Türkiye Harb-İş Sendikası olarak 53 yıldır emekçinin ve emekçinin yanında yerimizi alıyor, hakları savunan bir anlayışla yolumuzda yürüyor, atacağımız adımları bu anlayışla tek tek atıyoruz. Tüm yetkili makamlara sesleniyoruz ve taleplerimizi siz değerli basınımıza ve değerli İzmirli hemşehrilerimize duyurmak üzere bilgilendiriyoruz; 8 ay önce imzalanan kamu çerçeve protokolü, Ocak ayında başlayan toplu sözleşmeler ile Mart ayında başlayan toplu sözleşmeler arasındaki fiyat farkının en kısa sürede ödenmesi yönündeki kararını kaybetti. Doğrusal bir artış ya da refah payı verilmesi zorunlu hale geldi. Üzerimize yük olan gelir vergisinin yüzde 15 olarak sabitlenmesini, Ocak ayında aldığımız maaşları Aralık ayında almak istiyoruz. Savunma sanayii çalışanlarının fiyatlarının yoksulluk sınırının altına düşmesi durumunda derhal savunma sanayii destek primi verilmelidir. Bir sonraki kamu çerçeve protokolünde nitelikli iş yapan savunma personeli, demiryolu çalışanları, güç personeli ve maden personelinin artış oranlarının farklı değerlendirilmesi gerekiyor.

“HAKKIMIZ OLAN ZAMLARI VE ALAMADIĞIMIZ REFAH PAYINI İSTİYORUZ”

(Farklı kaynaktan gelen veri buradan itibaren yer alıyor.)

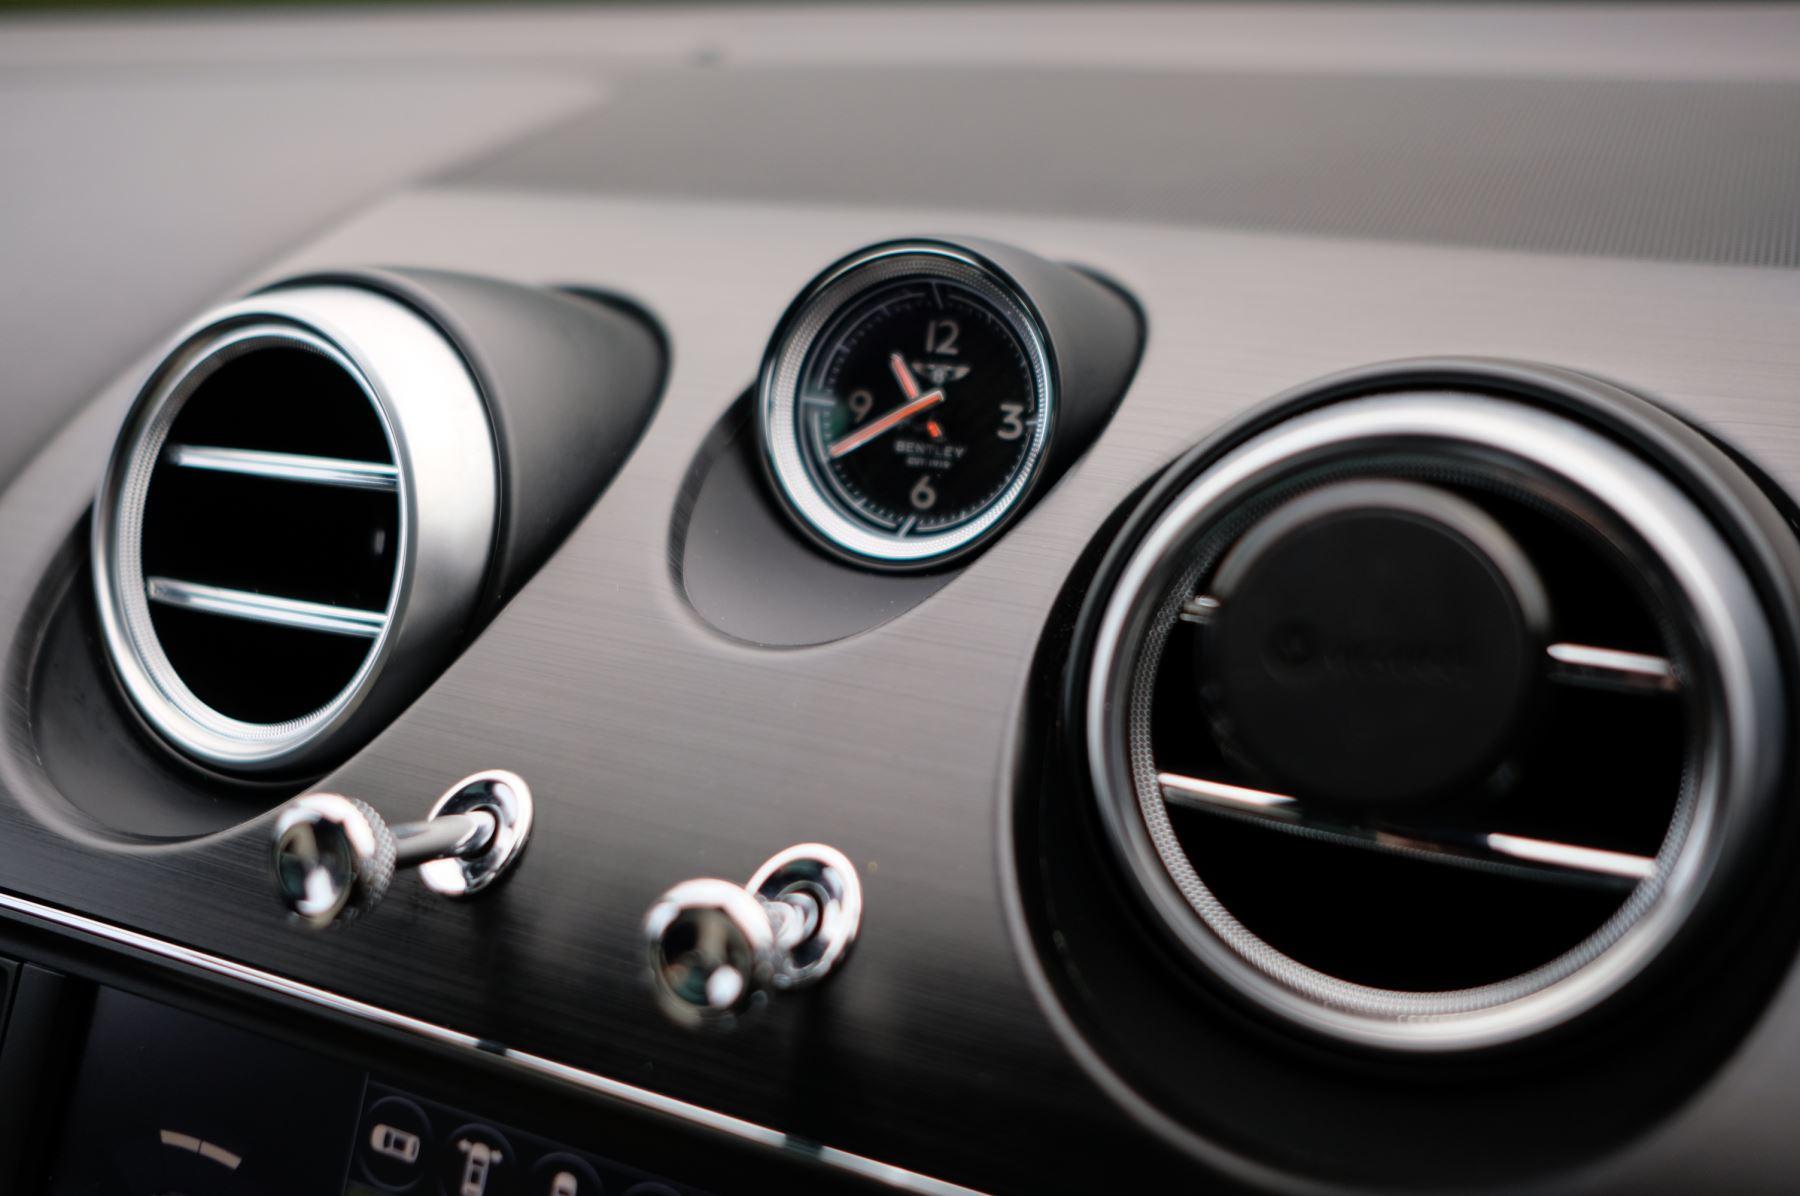 Bentley Bentayga Diesel 4.0 V8 Mulliner Driving Spec 5dr Auto - 7 Seat Specification image 22
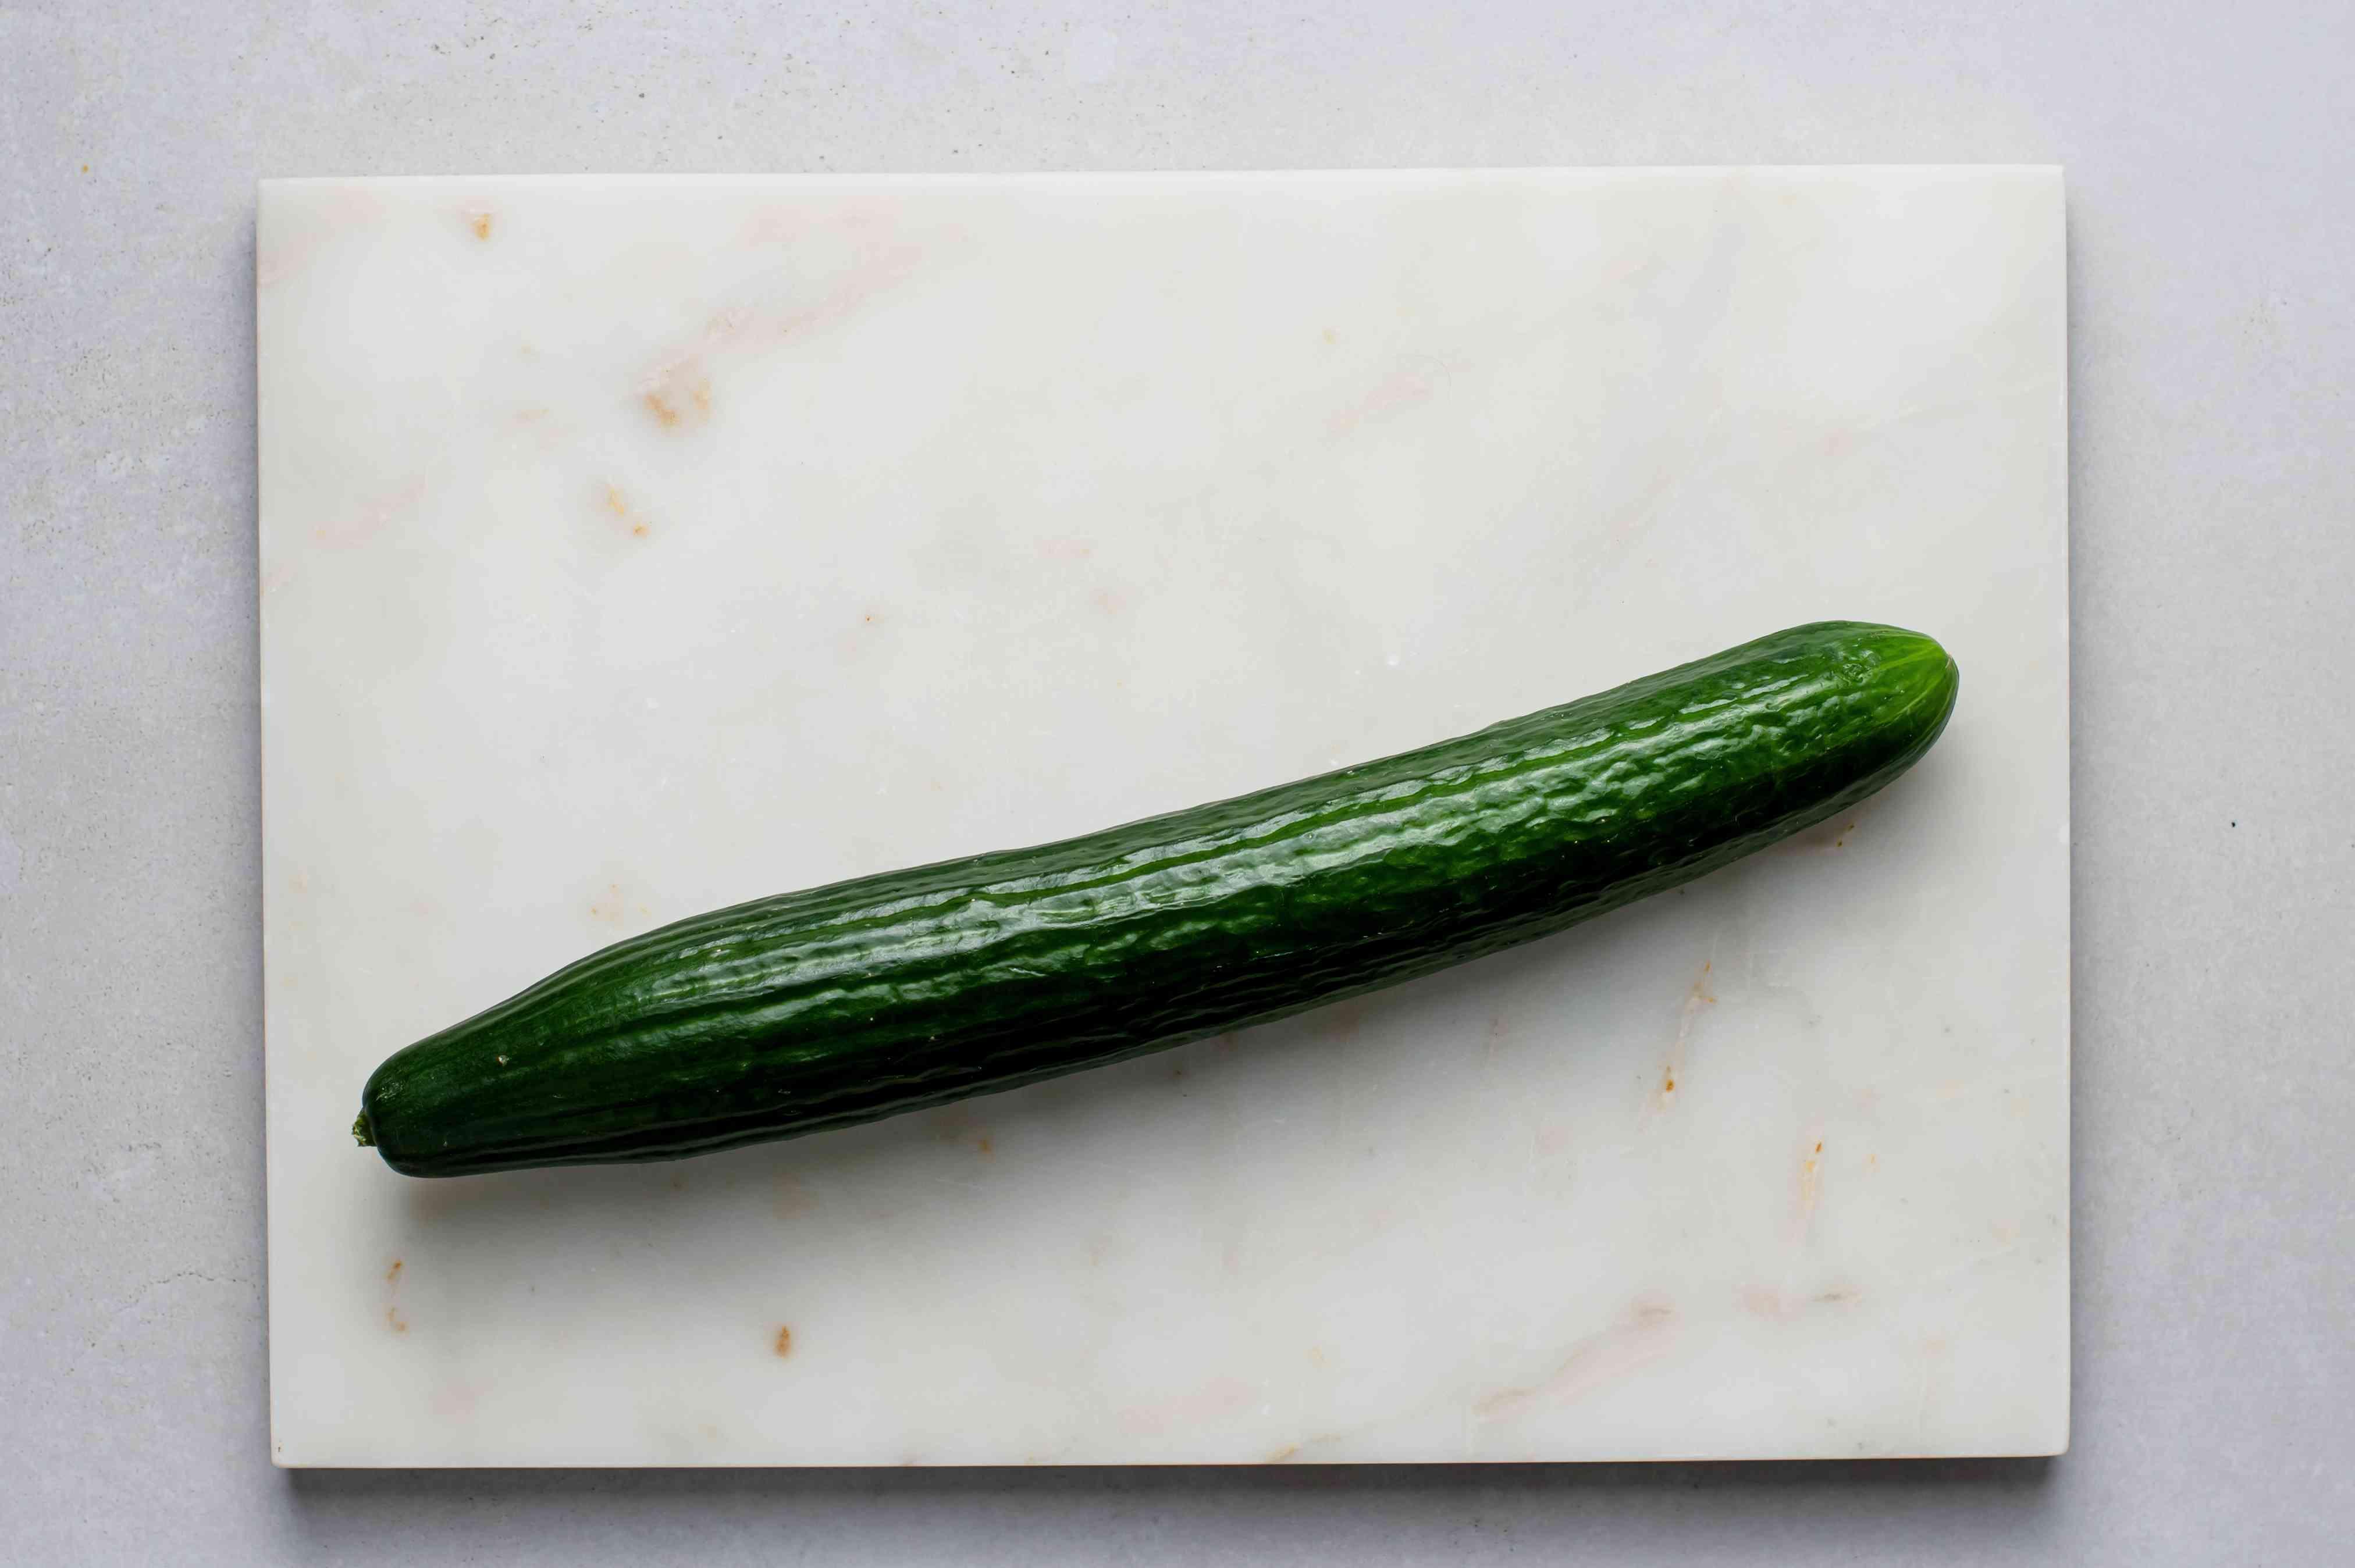 Cucumber on a cutting board

Bizler 44 fabrikamızda tanklarımızı, obüslerimizi hazır bulunduran, Zeytin Dalı ve Fırat Kalkanı’nda PKK’nın tepesine kurşun yağdıran, PKK’nın tepesine bomba yağdıran dostlarız. Sahil güvenlik biziz, sahil güvenlikteki arkadaşlarımız, sahil güvenlikteki arkadaşlarımızın botları bugün sınırları koruyor. Bu ülkenin her toprağında, her köşesinde emeğimiz var. “Hakkımız olan kademeli artışı istiyoruz, alamadığımız refah payını istiyoruz.”

“BİZ BAŞKA ÜLKELERE GİTMEK İSTEMİYORUZ, BİZİMLE SAKININ”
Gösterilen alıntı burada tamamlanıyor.